Minggu, 24 Februari 2013

Dokumen Konsili Vatikan II: Lumen Gentium (8)

Sambungan sebelumnya ....
KONSTITUSI DOGMATIS TENTANG GEREJA

24. (Tugas para Uskup pada umumnya)
Dari Tuhan, yang diserahi segala kuasa di langit dan di bumi, para Uskup selaku pengganti para Rasul menerima perutusan untuk mengajar semua suku bangsa dan mewartakan Injil kepada segenap makhluk supaya semua orang, karena iman, baptis dan pelaksanaan perintah-perintah memperoleh keselamatan (lih. Mat 28:18-20; Mrk 16:15-16; Kis 26:17 dsl.). Untuk menunaikan perutusan itu, Kristus Tuhan menjanjikan Roh Kudus kepada para Rasul dan pada hari Pantekosta mengutus-Nya dari sorga supaya mereka karena kekuatan Roh menjadi saksi-saksi-Nya hingga ke ujung bumi, di hadapan kaum kafir, para bangsa dan raja-raja (lih. Kis 1:8; 2:1; dsl; 9:15). Adapun tugas yang oleh Tuhan diserahkan kepada para gembala umat-Nya itu sungguh-sungguh merupakan pengabdian, yang dalam Kitab suci dengan tepat disebut diakonia atau pelayanan (lih. Kis 1:17 dan 25; 21:19; Rom 11:13; 1Tim 1:12).

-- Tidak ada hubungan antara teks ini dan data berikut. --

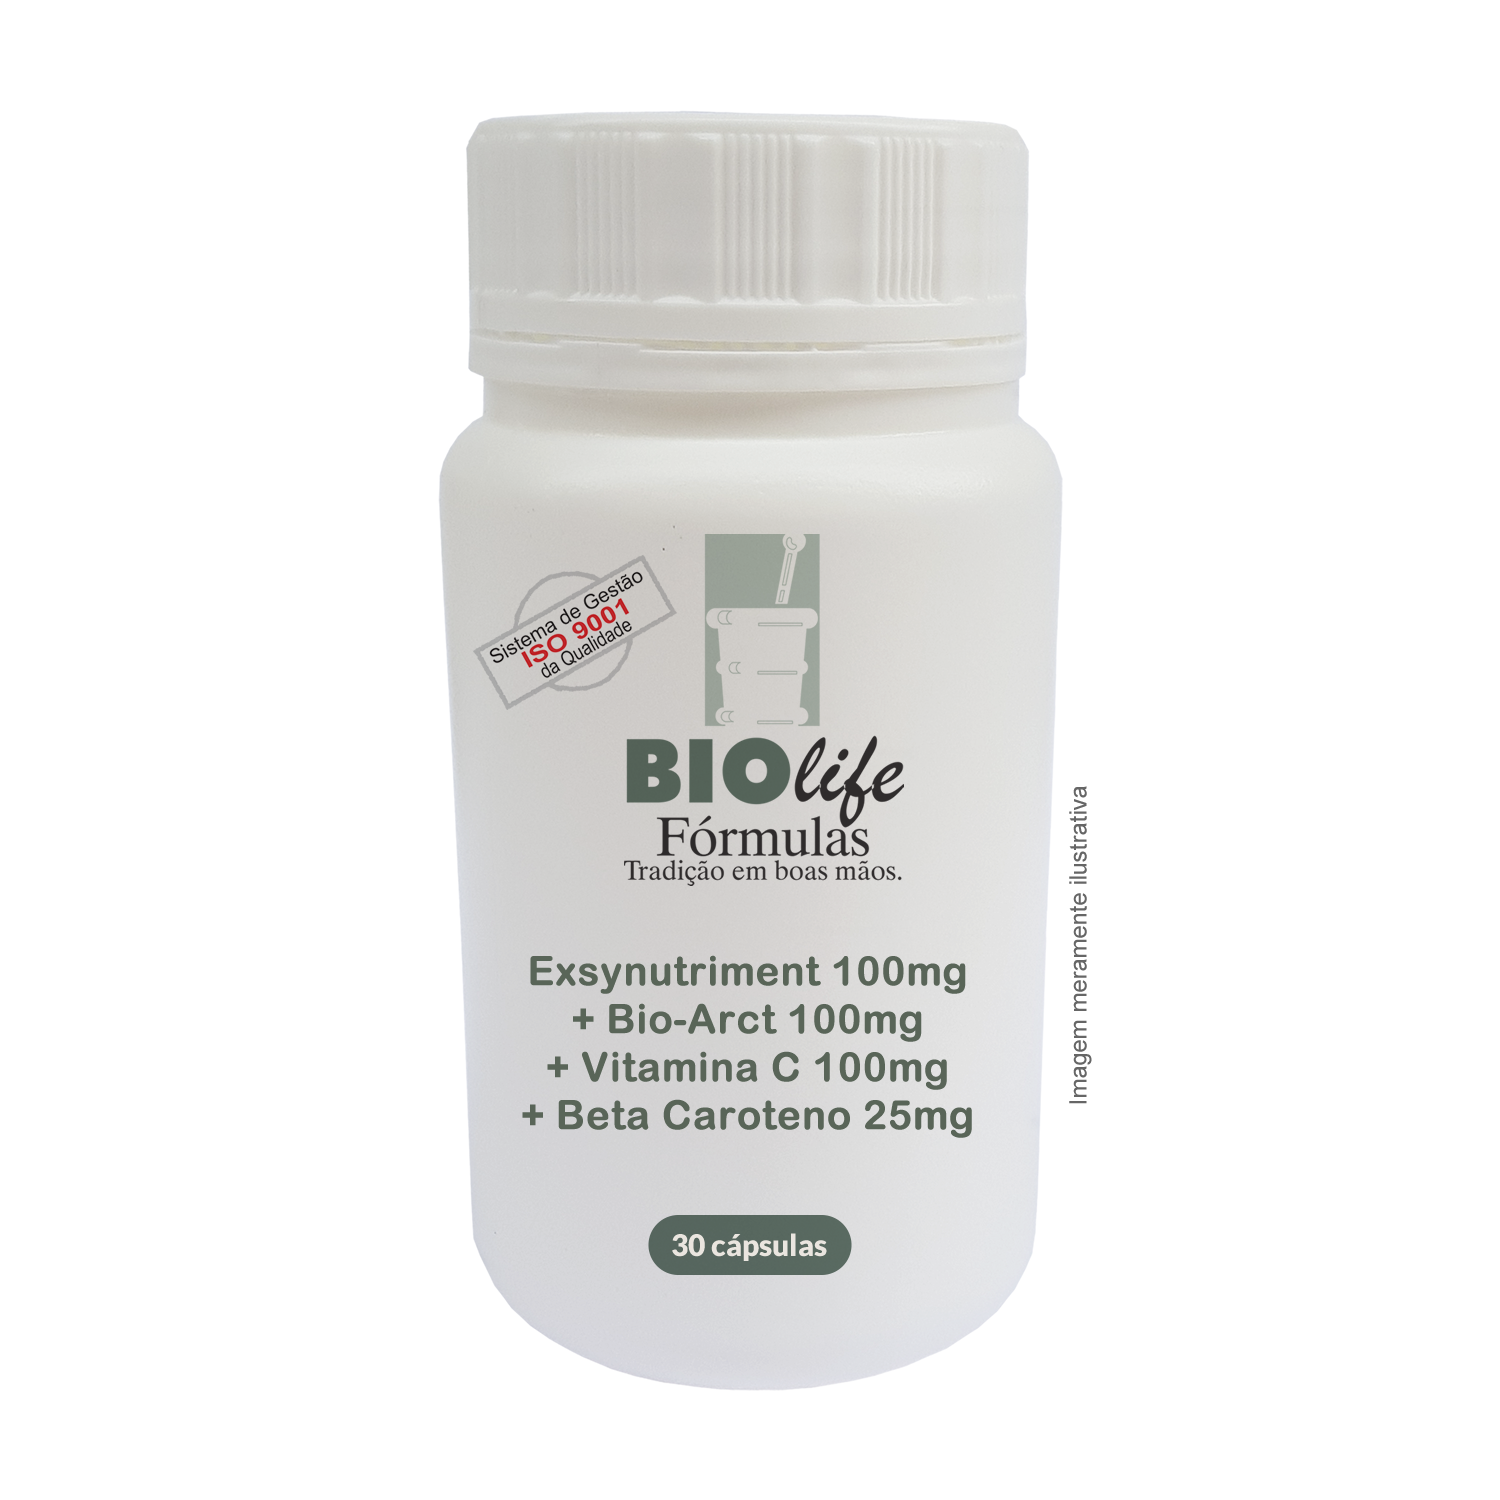 Exsynutriment 100mg + Bio-Arct 100mg + Vitamina C 100mg + Beta Caroteno 25mg com 30 caps - BioLife
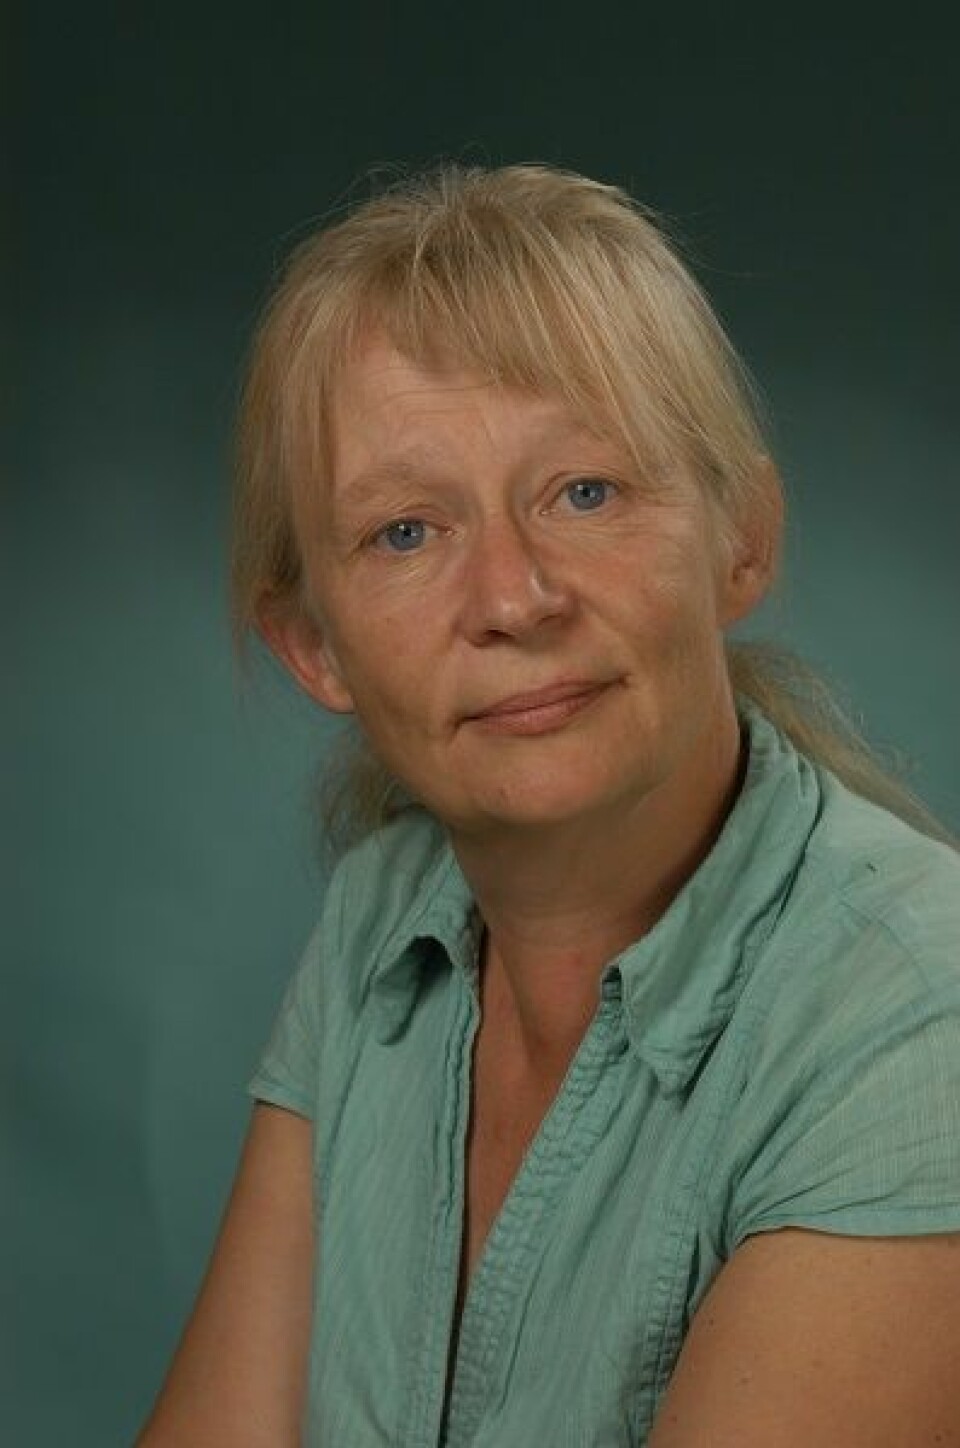 Kristina Bjureke er botaniker og universitetslektor ved Naturhistorisk museum i Oslo. (Foto: UiO)

Para Uskup dapat menerima misi kanonik menurut adat-kebiasaan yang sah, yang tidak dicabut oleh kuasa tertinggi dan universal Gereja atau sesuai dengan hukum yang oleh kewibawaan itu juga ditetapkan atau diakui atau secara langsung oleh pengganti Petrus sendiri. Bila beliau tidak setuju atau tidak menerima mereka ke dalam persekutuan apostolis, para Uskup tidak dapat diterima dalam jabatan itu.[75]

25. (Tugas mengajar)
Di antara tugas-tugas para Uskup pewartaan Injillah yang terpenting.[76] Sebab para Uskup itu pewarta iman, yang mengantarkan murid-murid baru kepada Kristus. Mereka mengajar yang otentik, atau mengemban kewibawaan Kristus, artinya: mewartakan kepada umat yang diserahkan kepada mereka iman yang harus dipercayai dan diterapkan pada perilaku manusia. Di bawah cahaya Roh Kudus mereka menjelaskan iman dengan mengeluarkan harta yang baru dan yang lama dari perbendaharaan Perwahyuan (lih. Mat 13:52). Mereka membuat iman itu berubah dan dengan waspada menanggulangi kesesatan-kesesatan yang mengancam kawanan mereka (lih. 2Tim 4:1-4). Bila para Uskup mengajar dalam persekutuan dengan Imam Agung di Roma, mereka harus dihormati oleh semua sebagai saksi kebenaran ilahi dan katolik. Kaum beriman wajib menyambut dengan baik ajaran Uskup mereka tentang iman dan kesusilaan, yang disampaikan atas nama Kristus, dan mematuhinya dengan ketaatan hati yang suci. Kepatuhan kehendak dan akalbudi yang suci itu secara istimewa harus ditunjukkan terhadap wewenang mengajar otentik Imam Agung di Roma, juga bila beliau tidak beramanat ex cathedra; yakni sedemikian rupa sehingga wewenang beliau yang tertinggi untuk mengajar diakui penuh hormat dan ajaran yang beliau kemukakan diterima setulus hati sesuai dengan maksud dan kehendak beliau yang nyata, yang dapat diketahui terutama atau dari sifat dokumen-dokumen atau karena ajaran tertentu sering beliau kemukakan atau juga dari cara beliau berbicara.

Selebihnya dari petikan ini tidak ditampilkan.